1. Critically endangered diving petrel population soars

” Conservationists are celebrating a bumper breeding season for the critically endangered bird – found only on Whenua Hou / Codfish Island, near Rakiura / Stewart Island. There are now 210 of the birds, up 5 percent on previous years. “

2. Mangroves give cause for conservation optimism, for now

 ” Globally, mangrove loss rates have reduced by an order of magnitude between the late 20th and early 21st century, from ~2% to <0.4% per year 

3. Bilby blind dates through Charleville’s Save the Bilby Fund help endangered species breed

” The Save the Bilby Fund started more than 20 years ago, surviving solely off public donations while creating both a breeding program and a predator-free national park at Currawinya, in south west Queensland. “They’re born breeders, they love to breed,” manager of the bilby breeding program Kat Castle said. ”

4. How we discovered that sea turtles in Seychelles have recovered from the brink

“Thanks to all of these measures green turtles have remained largely undisturbed at Aldabra since 1968, and the effect of the protection has been astounding. As we report in our recent study in the journal Endangered Species Research, Aldabra now has the second-largest green turtle breeding population in the western Indian Ocean region.”

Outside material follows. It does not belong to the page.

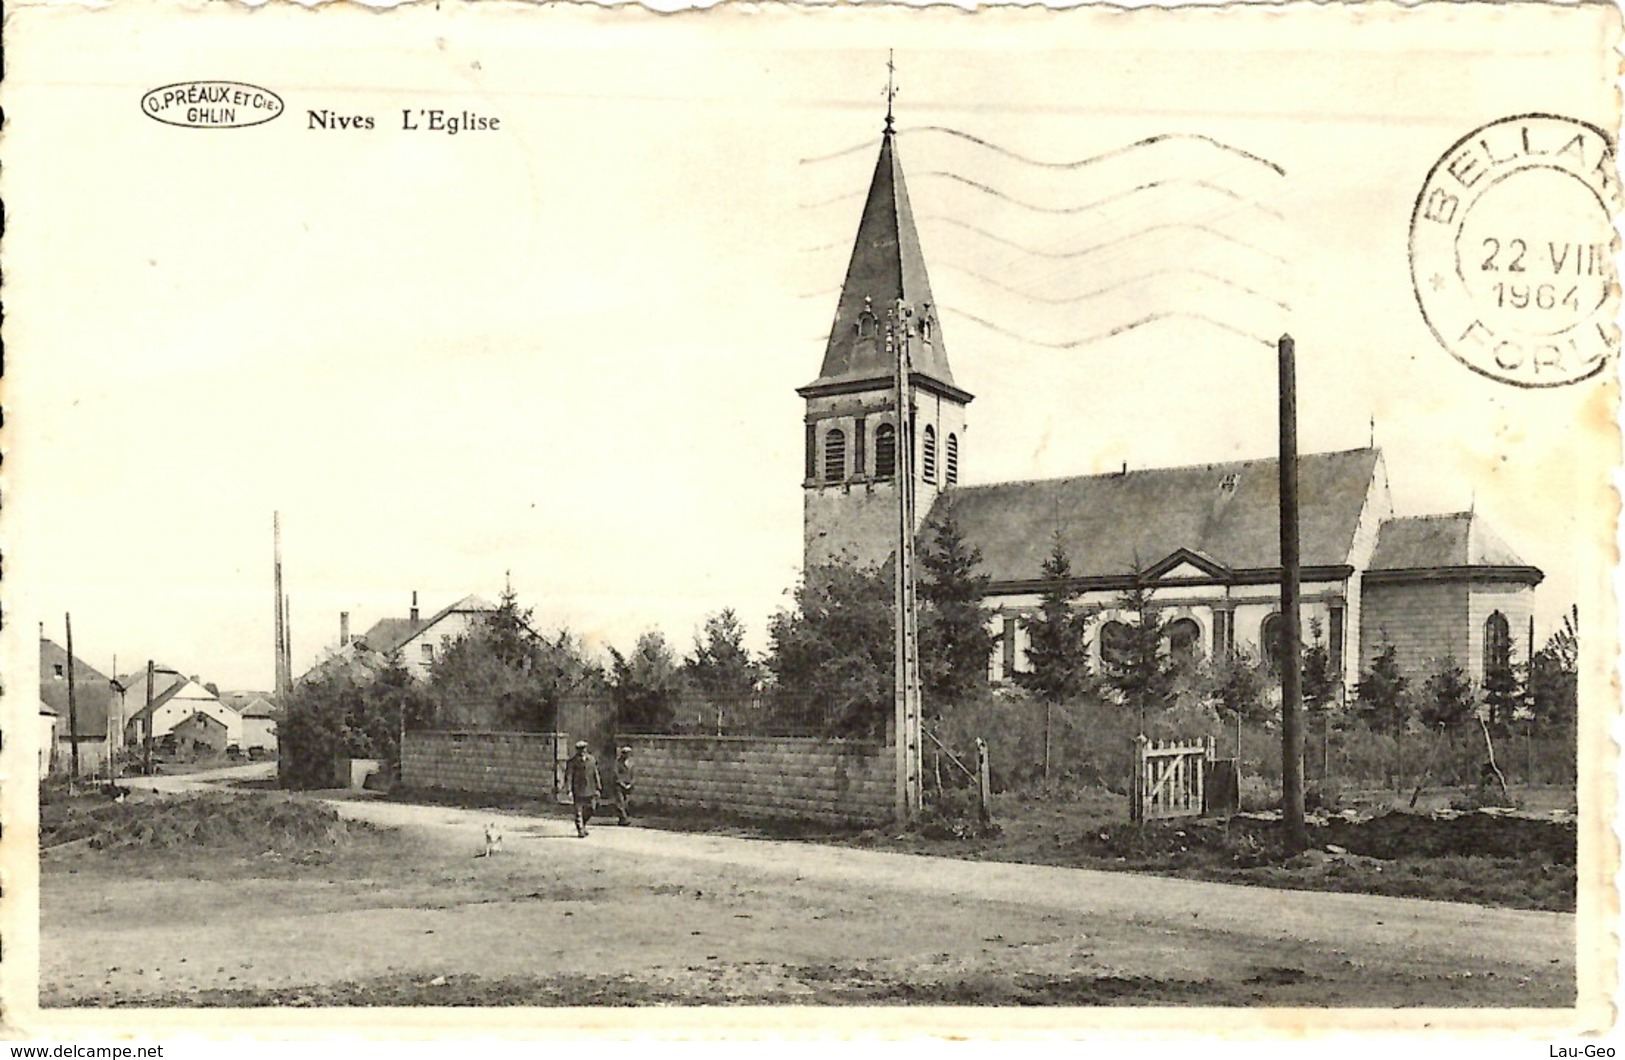 Nives (Vaux-sur-Sure) L'Eglise - Vaux-sur-Sûre
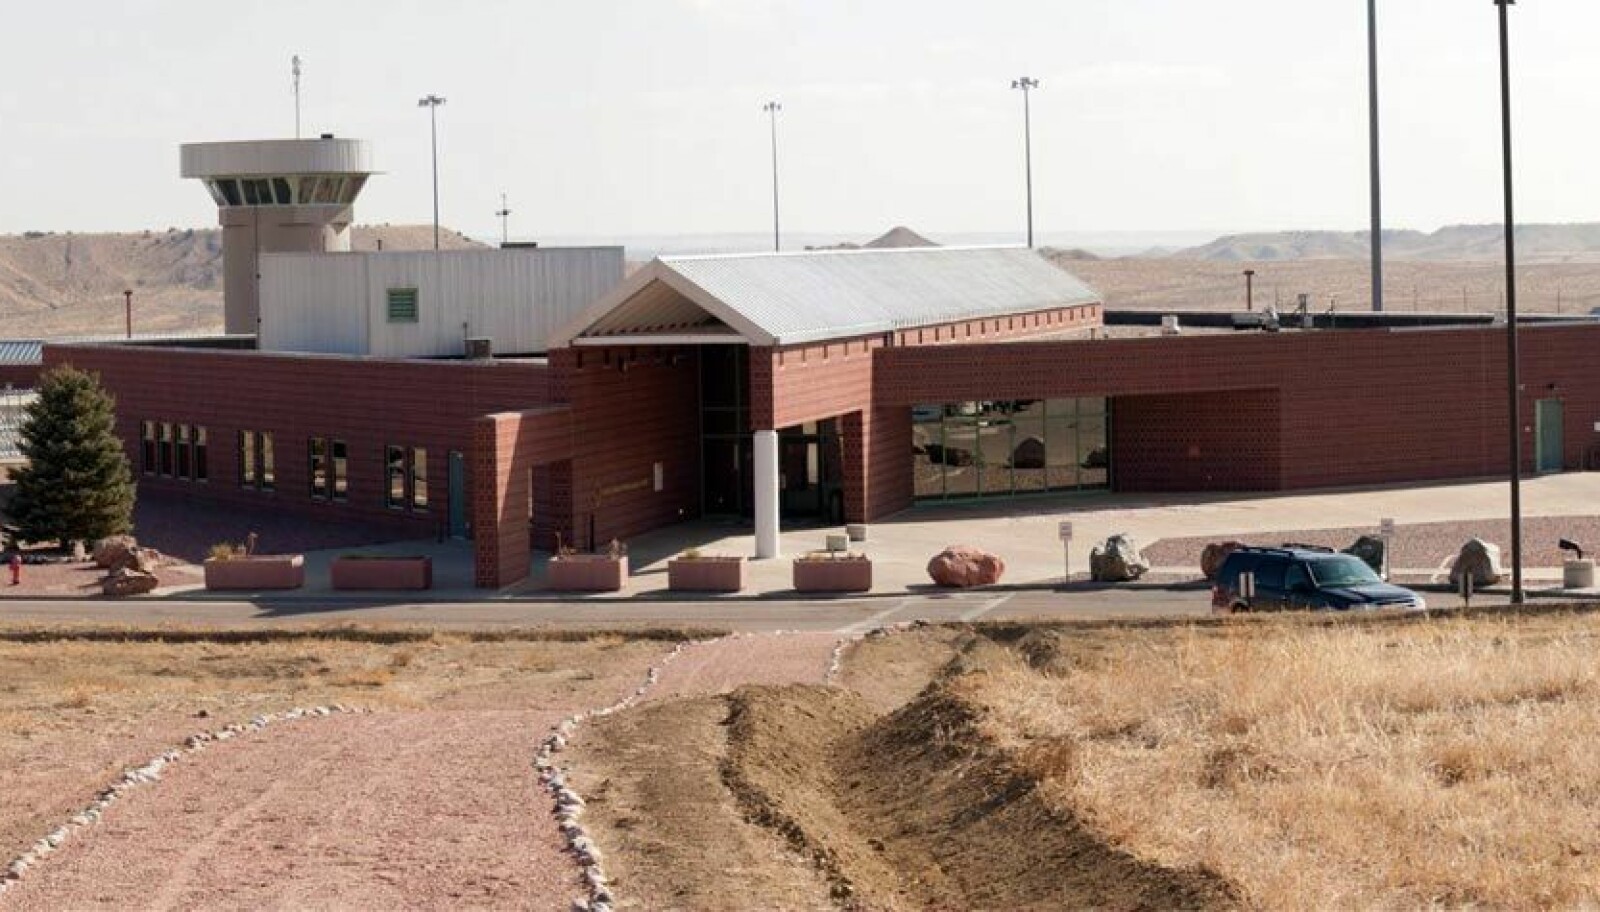 <b>HØYSIKKERHET:</b> ADX supermax prison i Florence, Colorado, blir regnet som et av de strengest bevoktede og har noen av verdens verste fanger.

5. South of Scotland golden eagle population reaches new heights thanks to novel research technique

“The pioneering South of Scotland Golden Eagle Project has become the first in the UK to successfully translocate free-flying young golden eagles (aged between 6 months and 3 years) to boost a low population of this iconic bird. These new additions bring the total number of golden eagles in the south of Scotland to around 33 – the highest number recorded here in the last three centuries.”

6. Nepal’s first bird sanctuary takes flight, raising hope for conservation

The Ghodaghodi lake complex in western Nepal has been declared the country’s first official bird sanctuary. Conservationists and local officials have welcomed the move, which protects a Ramsar wetland that’s home to more than 360 bird species. Among the birds found at the site are globally threatened species such as the great hornbill, the lesser adjutant stork, and the Indian spotted eagle.

7. A bridge of trees reunites gibbons separated by a railway line in India

For the hoolock gibbons of India’s Hoollongapar Gibbon Sanctuary, a rail line bisecting the forest has for decades proved an impassable barrier, dividing the animals into two separate areas. In 2006, conservationists, the local forest department and communities began planting thousands of trees along the tracks in an effort to create a natural canopy bridge. The tree-planting effort finally bore fruit in 2019, when the first gibbons were observed crossing over the tracks. This year, an entire family has been observed making use of the bridge.